■ Exercise objective
What you return must match the listing below line for line, minus its pictures.

■ Dataset section
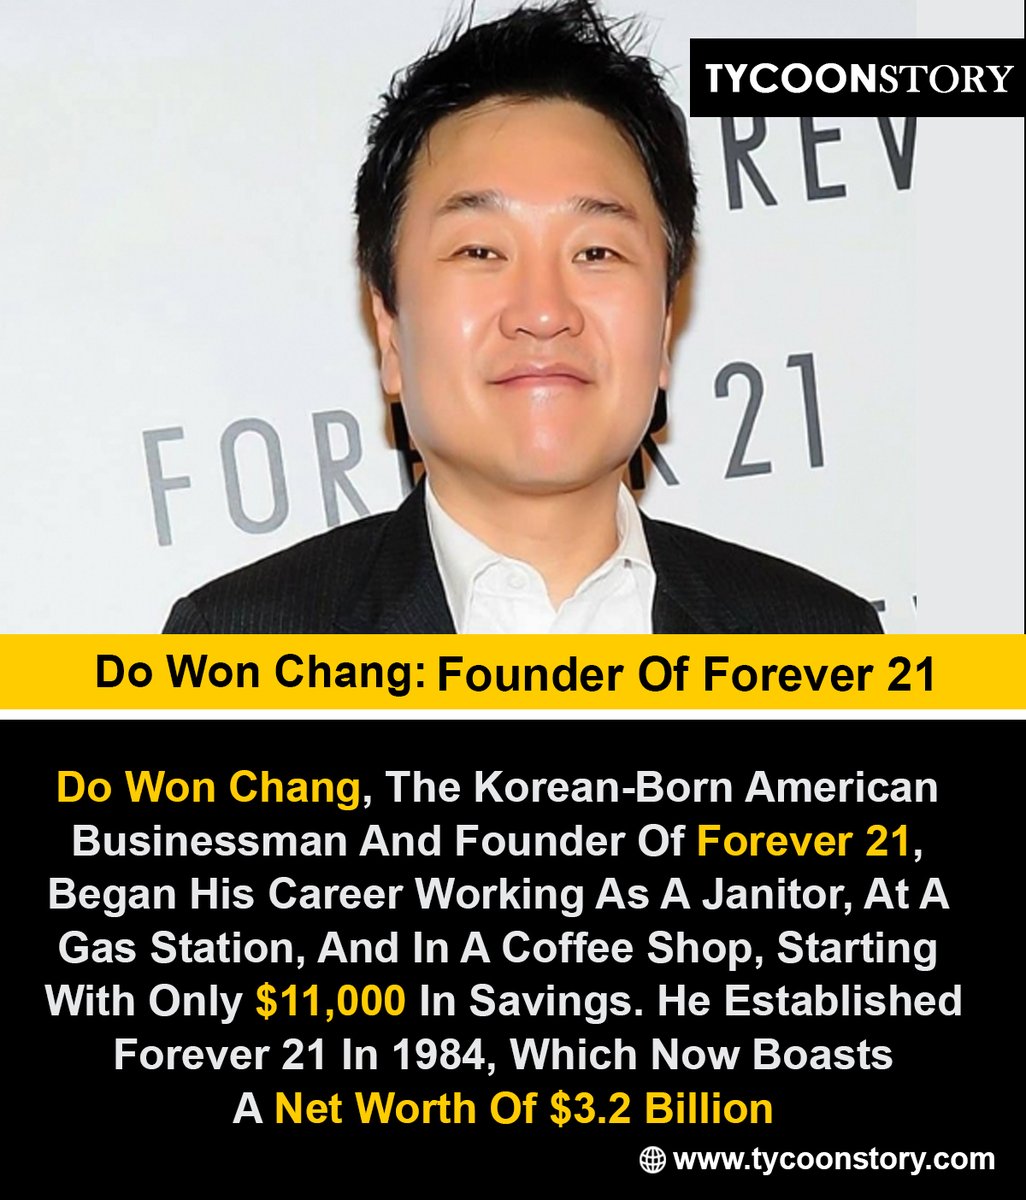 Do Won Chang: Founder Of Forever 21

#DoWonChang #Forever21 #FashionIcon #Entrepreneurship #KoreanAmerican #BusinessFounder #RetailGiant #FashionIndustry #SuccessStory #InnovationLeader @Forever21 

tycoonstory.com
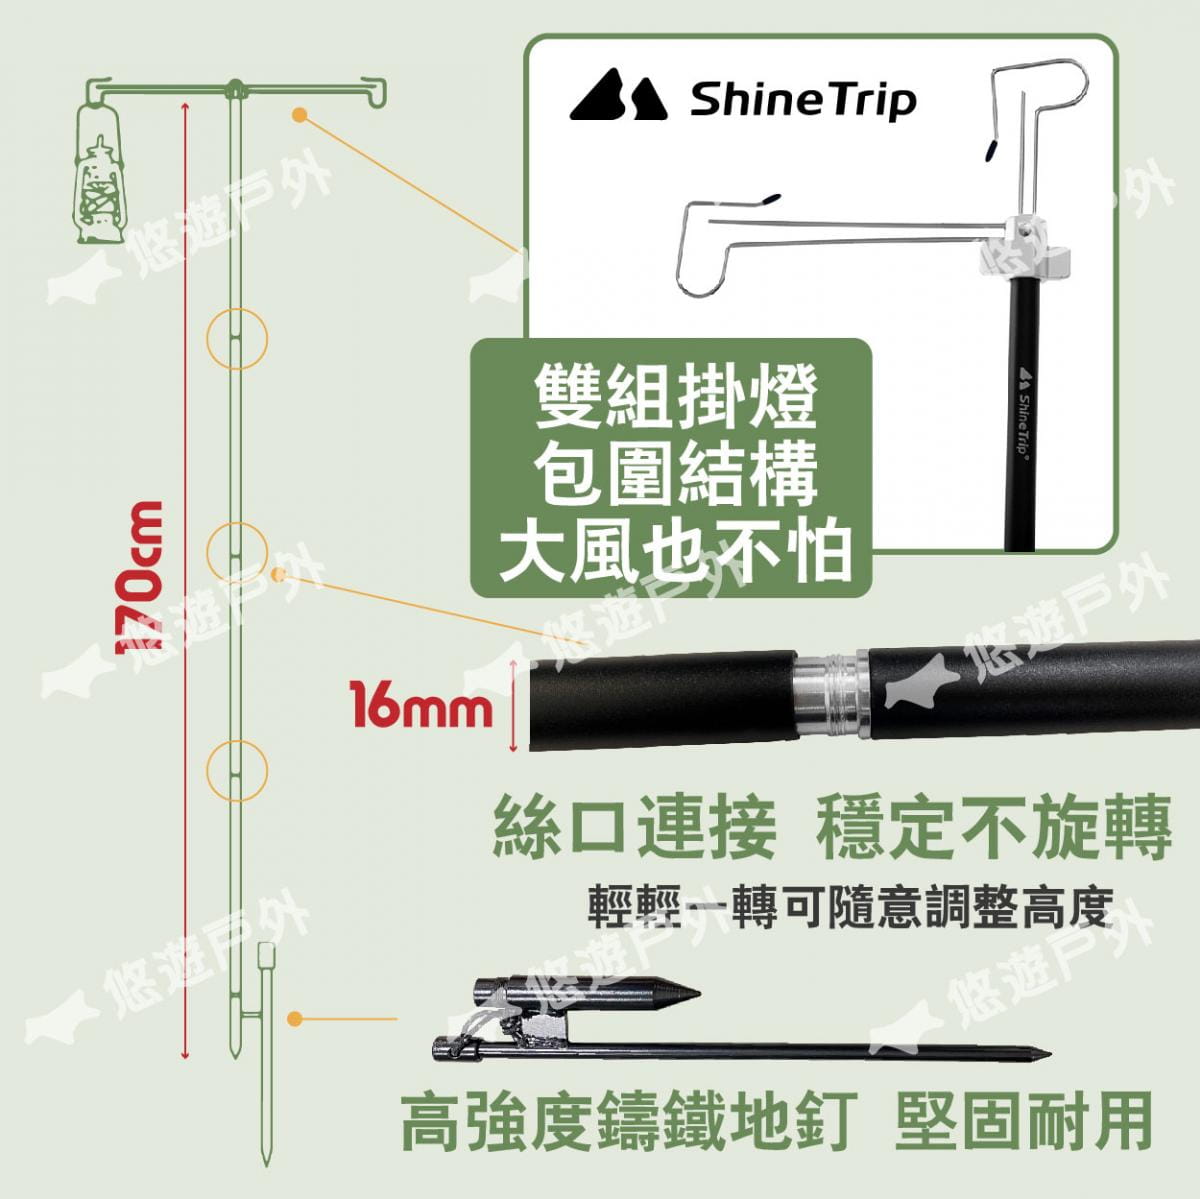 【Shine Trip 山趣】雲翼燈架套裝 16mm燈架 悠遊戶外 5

■ Answer
 Do Won Chang: Founder Of Forever 21

#DoWonChang #Forever21 #FashionIcon #Entrepreneurship #KoreanAmerican #BusinessFounder #RetailGiant #FashionIndustry #SuccessStory #InnovationLeader @Forever21 

tycoonstory.com
 【Shine Trip 山趣】雲翼燈架套裝 16mm燈架 悠遊戶外 5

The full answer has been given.